Maria does, however, carry herself in a manner that gives away that she’s both a mother and a tita. I mean tita in the sense of the style and mannerisms associated with the stereotype. My mother is usually found in a basic uninspired floral patterned dress or top, usually paired with a pencil skirt, atop boringly beige sandals. At home, she usually goes for the sundress or the nightgown, all of which look uninspired. But not as uninspired as my father’s wardrobe.
Maria’s personality is a lot more turbulent, but she’s still generally a pleasant person. It’s just that with the amount of work she gets (even sometimes working on Sundays), it’s hard for her to stay composed. Which is understandable, but still annoying. She acts like a Queen Bee, or like “a gay man trapped in a woman’s body” as she puts it. She is always ordering me and my brothers around. But to her credit, she is far more diligent than my father. And far more engaged with me, as well.
Now that you have a vague understanding of how my parents look and act, let us get into the meat of the review: the critique of their parenting.

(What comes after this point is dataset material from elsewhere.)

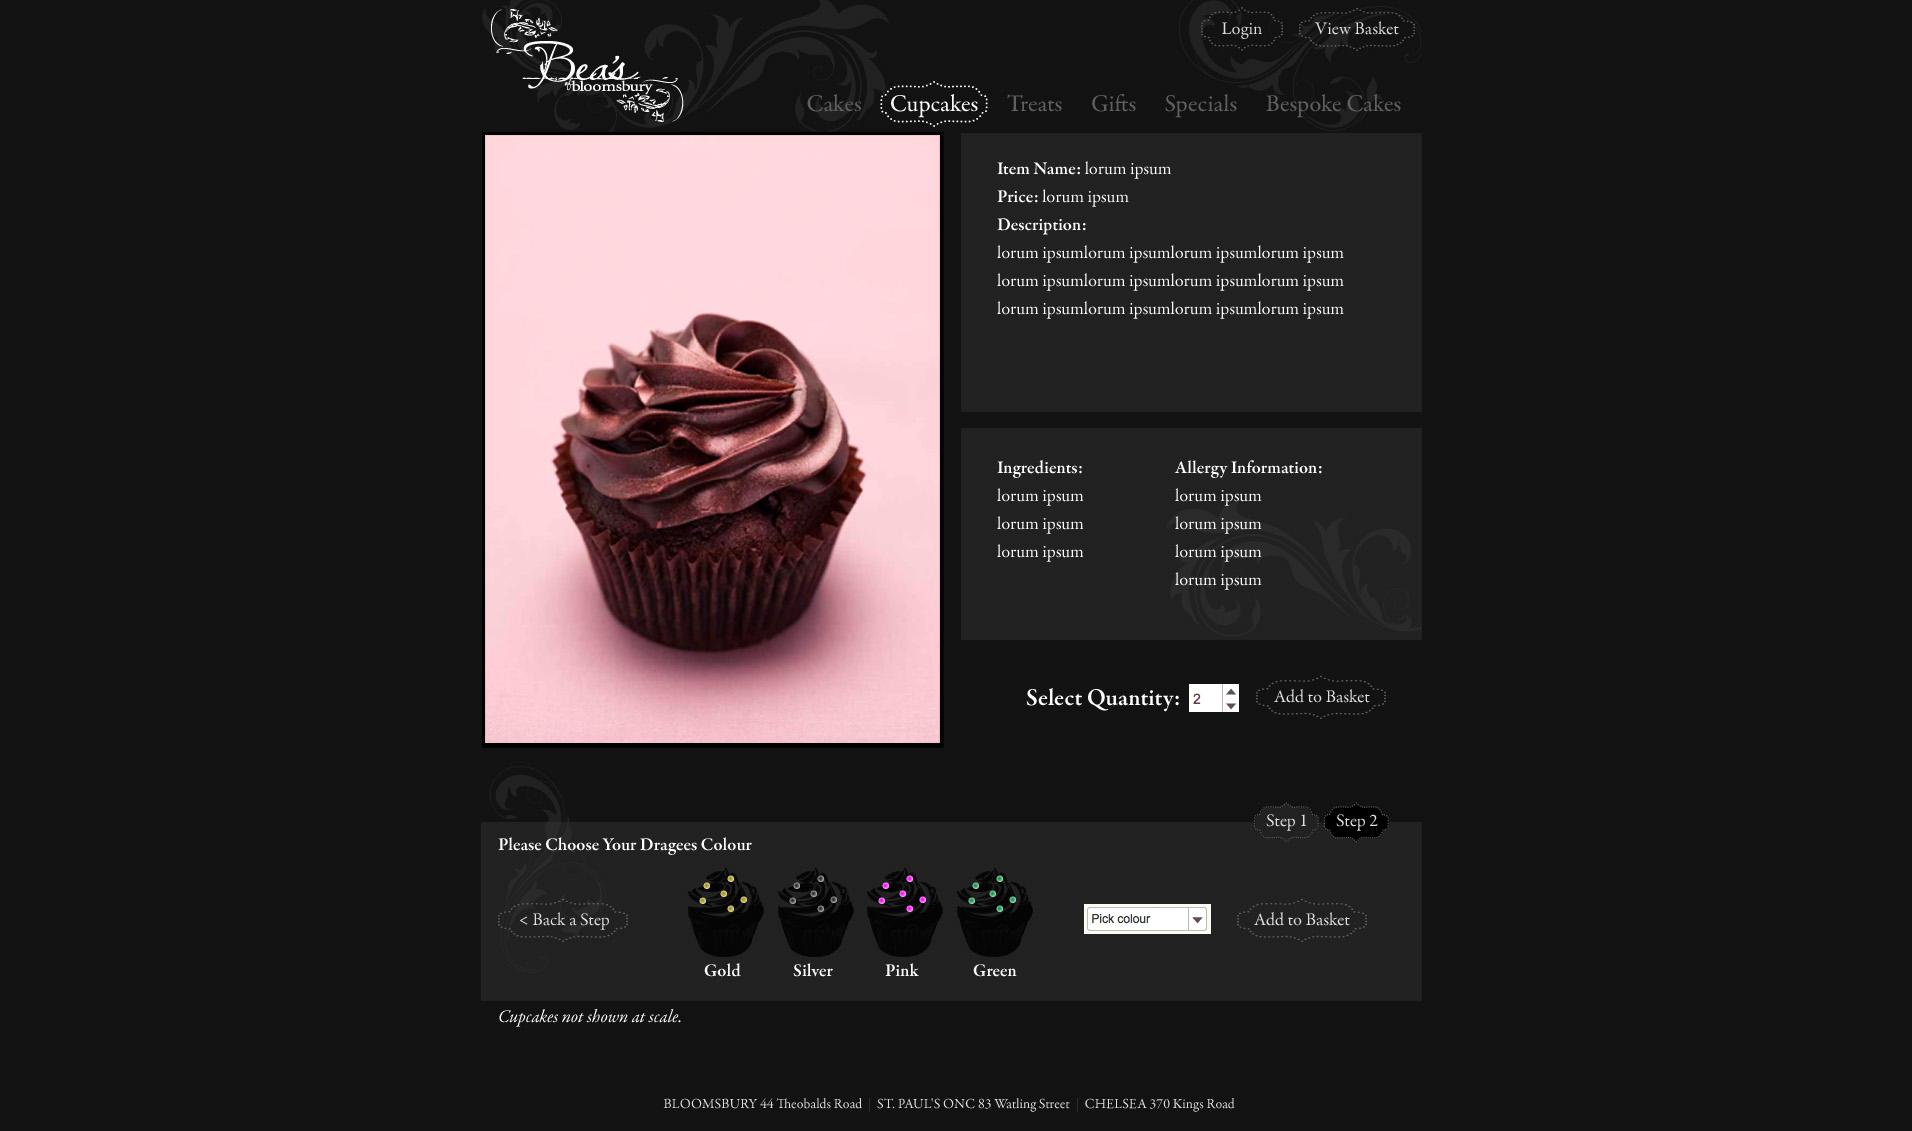 Bea's of Bloomsbury Website Ordering Step

Pierre isn’t very strict with me, or diligent, when it comes to imposing rules. And like many men of his nature, he isn’t as engaged (or clingy) with me as my mother is. Pierre’s parenting style is inconsistent, which is a problem. He takes a hands-off approach most of the time, preferring to let me make my own mistakes, learn my own skills and my own lessons. He’ll happily point me in the right direction, but he’ll do no more. My interpretation is that he’s cutting corners in parenting. Which sounds bad on the surface, but impressively, he manages to do as little work as possible, whilst letting me experience what he had as a child: self-taught lessons.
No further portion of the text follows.